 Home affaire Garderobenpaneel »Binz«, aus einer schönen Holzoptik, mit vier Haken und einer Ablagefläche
========
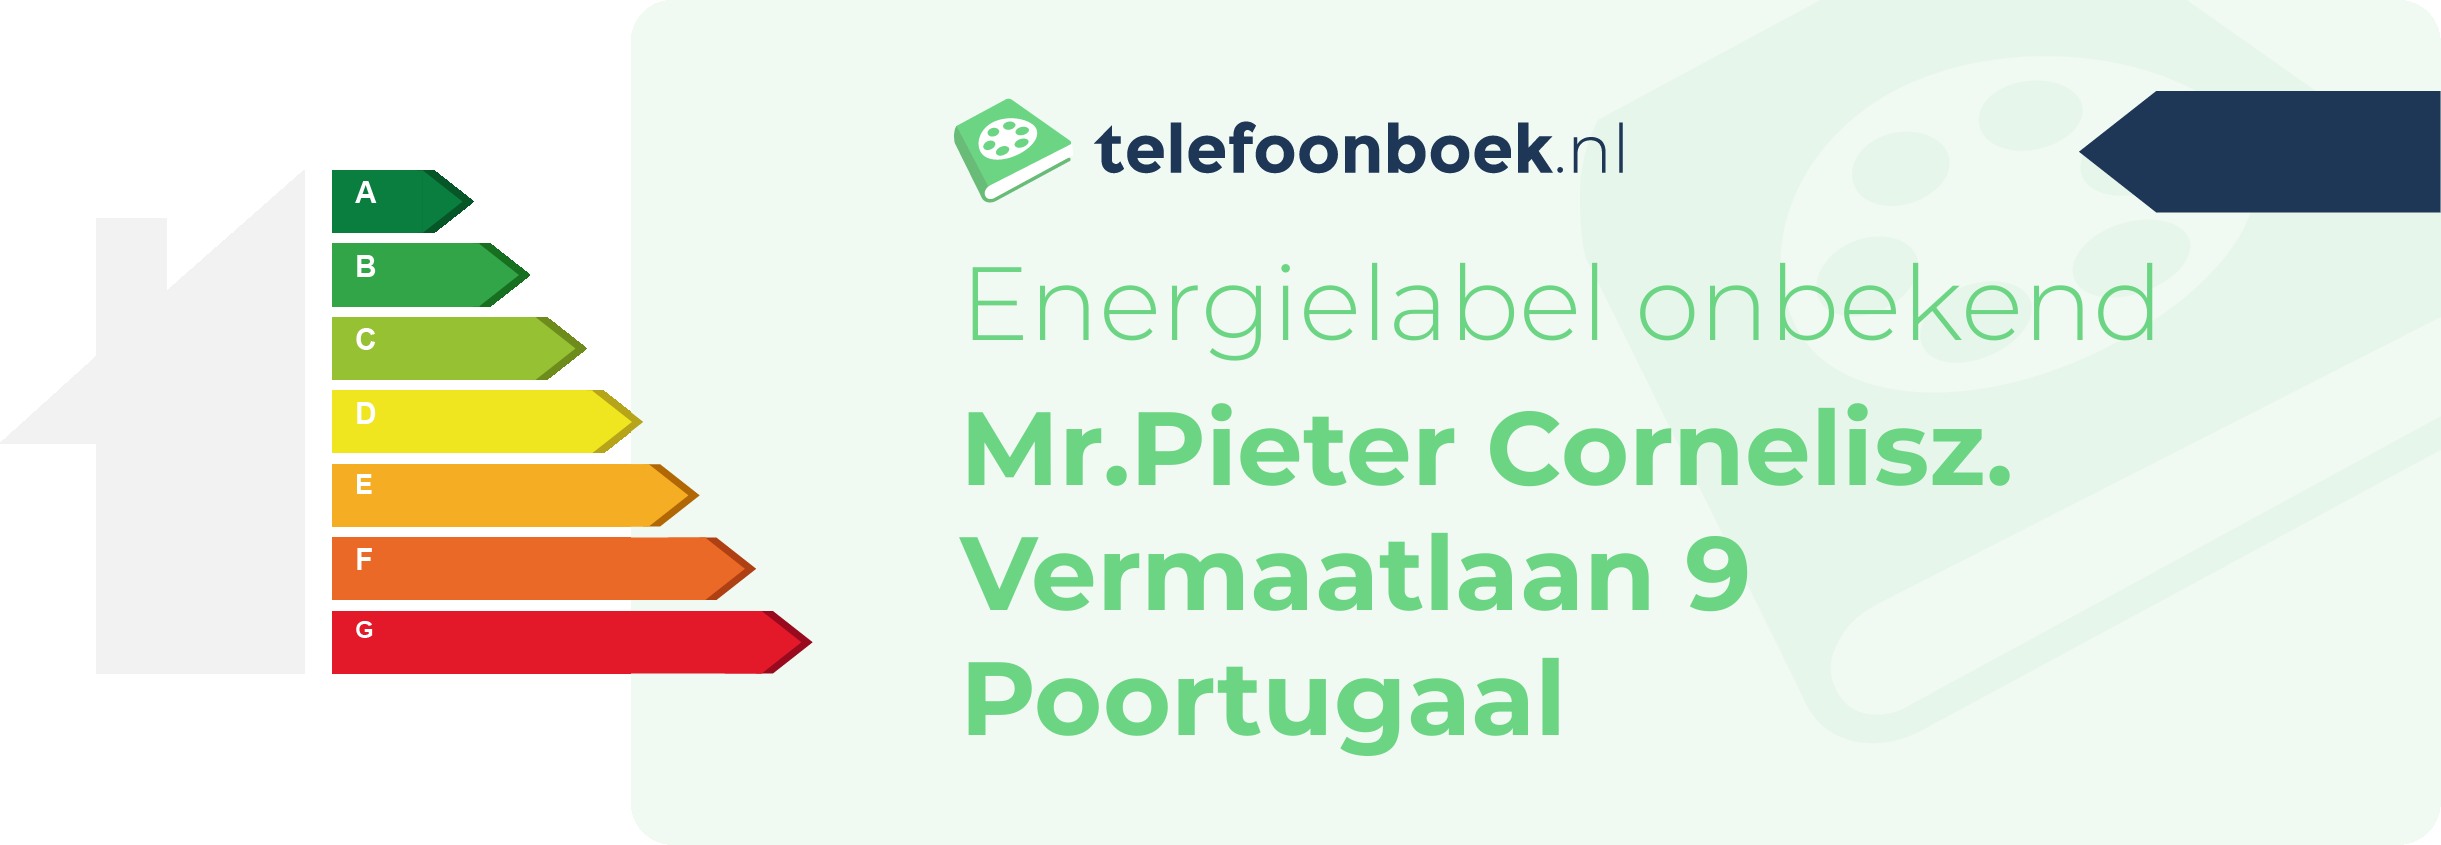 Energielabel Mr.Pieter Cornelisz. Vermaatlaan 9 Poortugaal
========
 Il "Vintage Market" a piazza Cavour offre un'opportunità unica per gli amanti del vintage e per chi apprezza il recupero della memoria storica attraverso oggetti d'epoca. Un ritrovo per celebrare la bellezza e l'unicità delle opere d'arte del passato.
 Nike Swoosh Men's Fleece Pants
========
### BRIEF
Begin at the line above that has "d'arte del passato." and stop after the line that has "Nike Swoosh Men's Fleece Pants", copying each line exactly and adding nothing else.

### FINAL ANSWER
 Il "Vintage Market" a piazza Cavour offre un'opportunità unica per gli amanti del vintage e per chi apprezza il recupero della memoria storica attraverso oggetti d'epoca. Un ritrovo per celebrare la bellezza e l'unicità delle opere d'arte del passato.
 Nike Swoosh Men's Fleece Pants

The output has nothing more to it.